[Task goal] Among the entries below, only the lines starting at the one with "поле, закат, в" and ending at the one with "A Sea Turtle swimming", both included, are to be printed exactly.

[Listed records Boundary: Start]

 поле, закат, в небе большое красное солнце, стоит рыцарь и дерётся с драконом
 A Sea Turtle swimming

[Listed records Boundary: End]
[Listed records Boundary: Start]

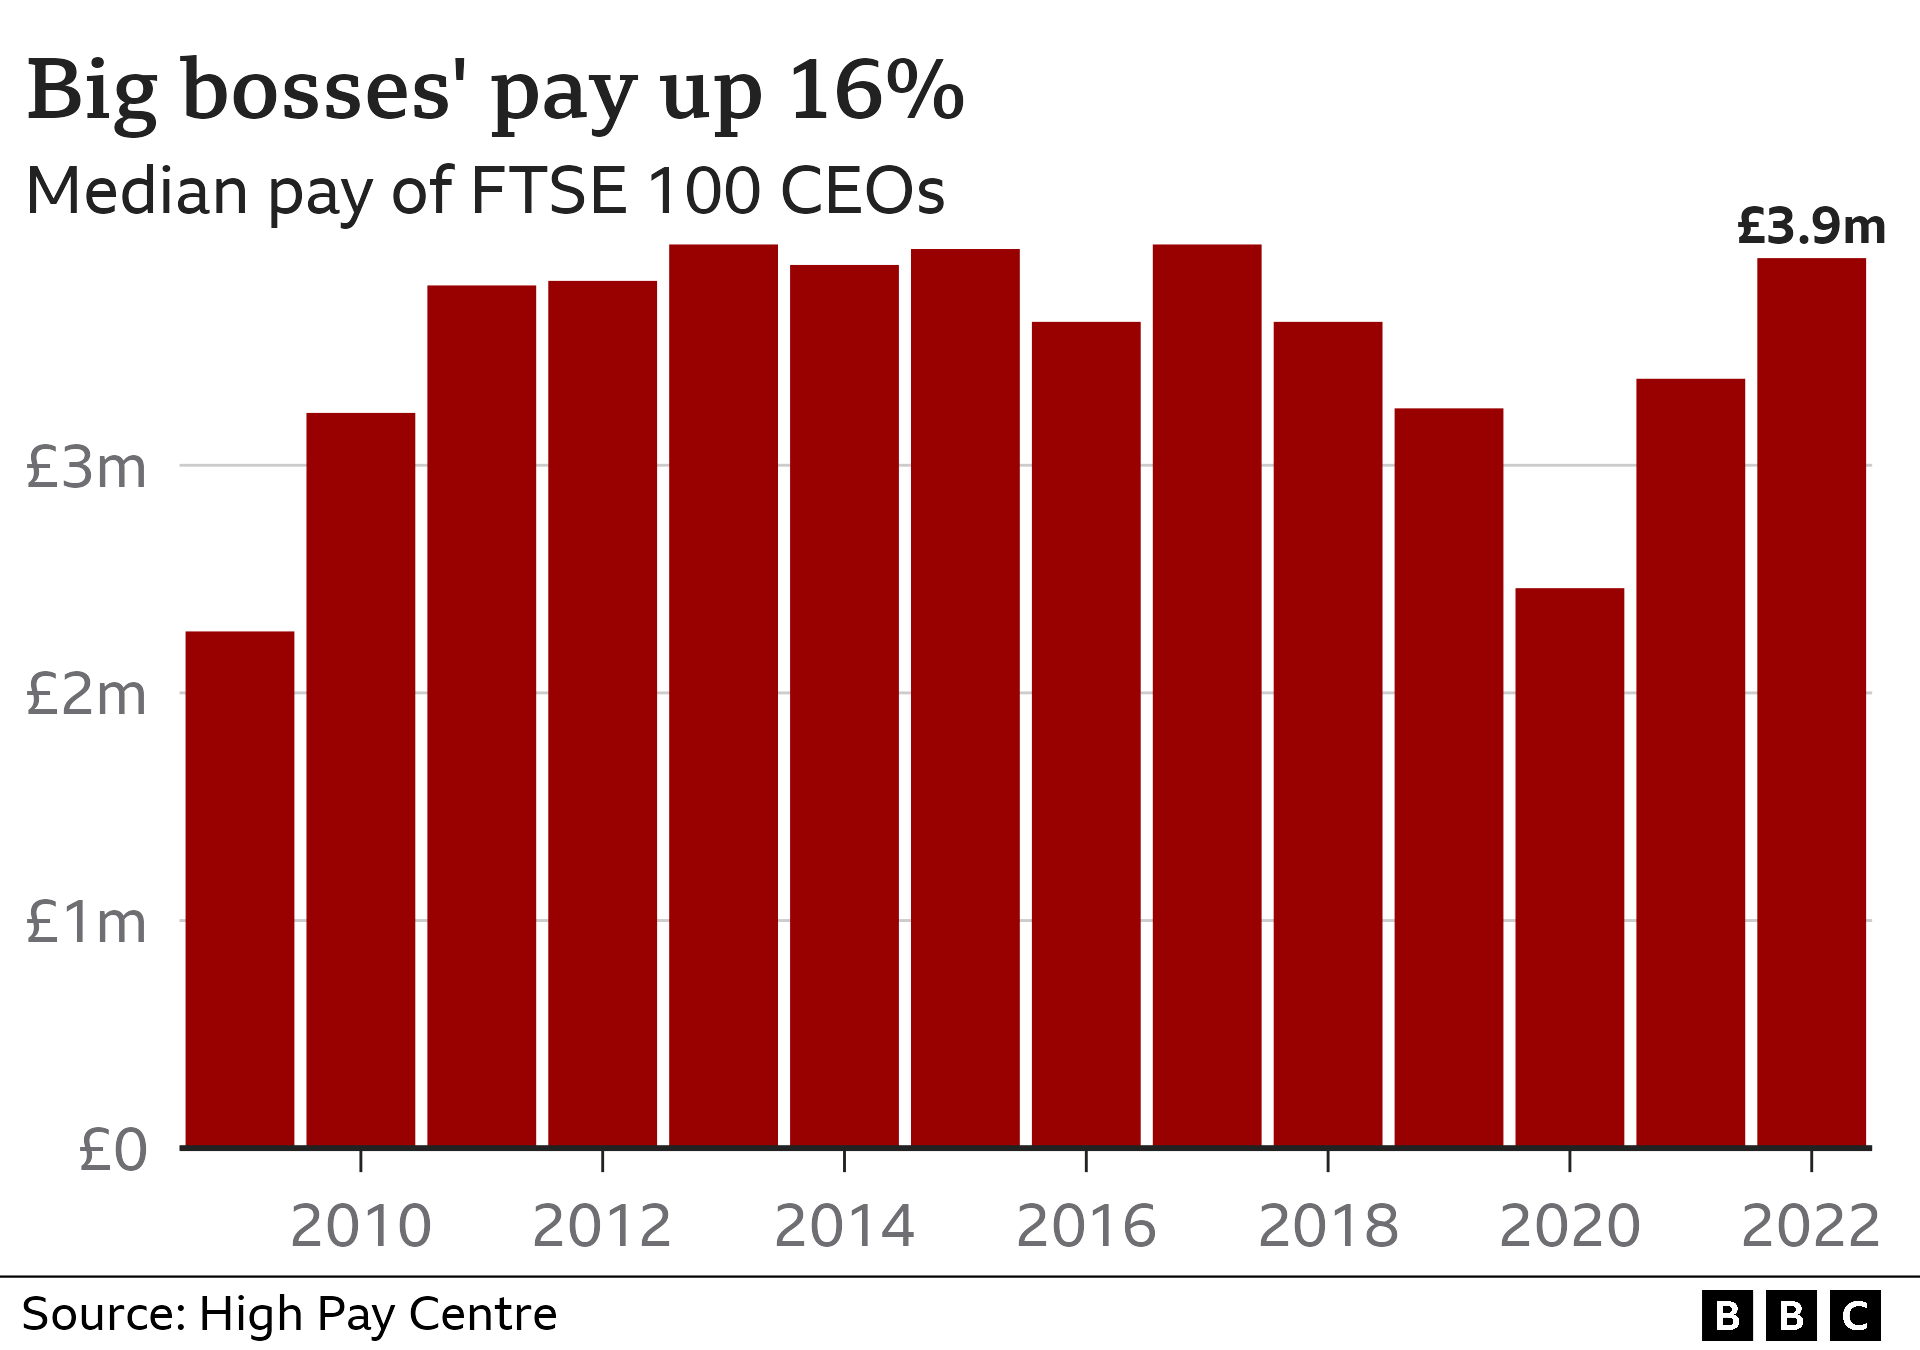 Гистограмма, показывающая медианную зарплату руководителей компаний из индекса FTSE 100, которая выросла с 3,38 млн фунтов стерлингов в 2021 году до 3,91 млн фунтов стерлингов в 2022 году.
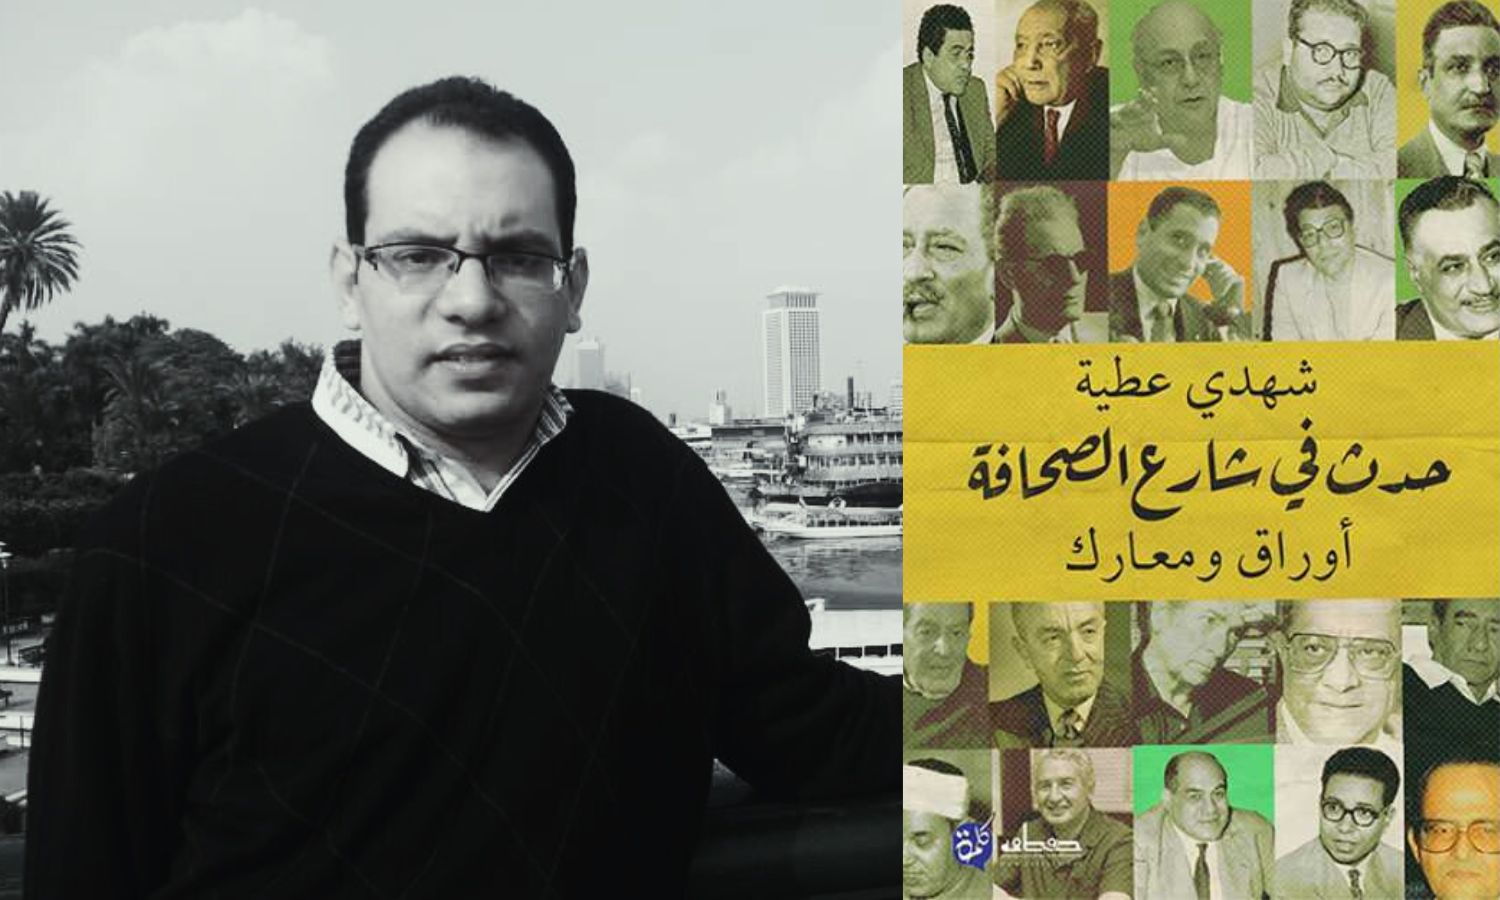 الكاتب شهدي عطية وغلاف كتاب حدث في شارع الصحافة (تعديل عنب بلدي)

[Listed records Boundary: End]

[Result of the exercise]
 поле, закат, в небе большое красное солнце, стоит рыцарь и дерётся с драконом
 A Sea Turtle swimming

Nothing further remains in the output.